Schools also said that Haryana’s decision contradicts the NEP which talks about the creation of an independent, state-wide, body called the State School Standards Authority (SSSA). The SSSA will be tasked to establish a minimal set of standards which shall be followed by all schools.
“The NEP necessitates SSSA to avoid the conflict of interest. First they should make the SSSA then we move forward,” said Kulbushan Sharma, President of Federation of Private Schools Association, Haryana.
Then, authorities of schools affiliated to other boards, including the Central Board of Secondary Education ( CBSE ), face the challenge of preparing children for an exam based on different teaching patterns and syllabuses.
“Every board’s curriculum is different, teaching patterns are different... Students were taught through online classes. If they force us to teach this curriculum then I don’t understand how the children will cope,” said Kaushik.
“Every school conducts its own examinations till Class 8 then children are assessed. In Class 9 they are registered with the board and the board examinations happen, same thing in Class 11. What they have proposed is not at all feasible,” said Kaushik explaining, “They (BSEH) say that people [schools] who have taken no-objection certificate (NOC) from the director of secondary education, have to register on our portal. If they are registering schools, that means dual affiliation which is not permissible under any law – the Haryana Education Act, nor Haryana Board of School Education Act, nor the CBSE, CISCE bylaws.”
Sharma and the National Independent Schools Alliance, alleged that the “board just wants to accumulate revenue”.
Board exams cover for ‘system’s failure’
“Just like how CCE was removed, like that the no-detention policy has also been removed. I think we are going back on a lot of things especially with respect to our promises with children,” said Chopra, referring to the policy of continuous, comprehensive evaluation (CCE) in the RTE which required children’s learning to be judged on the progress made through the year rather than in one exam.

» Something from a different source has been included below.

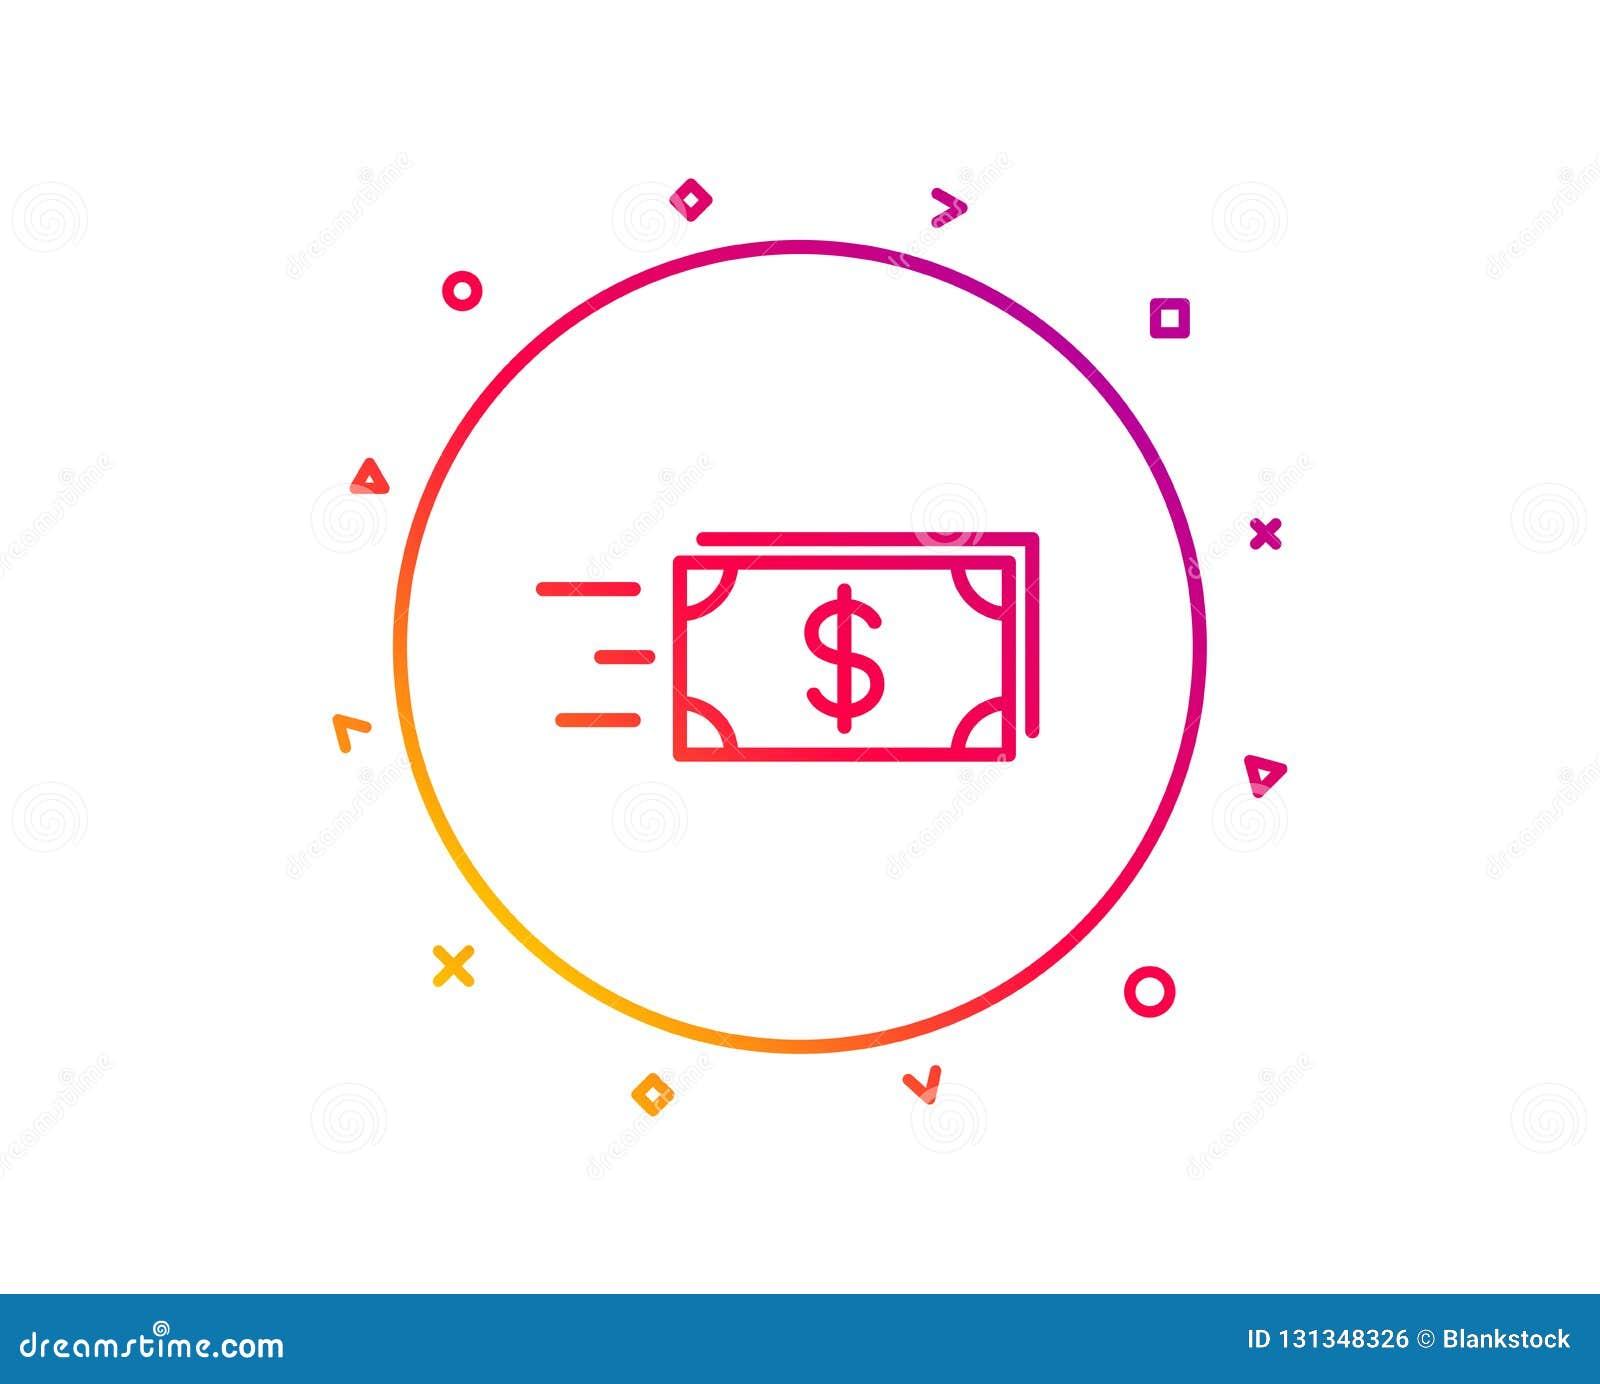 Линия значок денег наличных денег перехода banister вектор

It was to go in conjunction with the NDP, which still exists on paper like the ban on board exams, but has been undermined by the amendment.
According to Mishra, NDP was “misunderstood”. The popular assumption was that children were being promoted without any work. Whereas, even with the NDP, children were assessed regularly, just not held back.
“Assessment is not just a feedback on the children but it is also a feedback on the instruction, whether we are able to reach out to the children or not. In order to do that, we have to realise that the children have not understood the concepts so I need to change the way we teach them,” said Mishra.
“There was no discussion on how to teach students without failing them. There was also no discussion as to whether this is possible or not,” added Chopra.
The more immediate fear is that the introduction of board exams will again push children to dropout at the elementary level.
“Now at least students are reaching Class 9,” said Chopra. “Now those students will leave after Class 5.”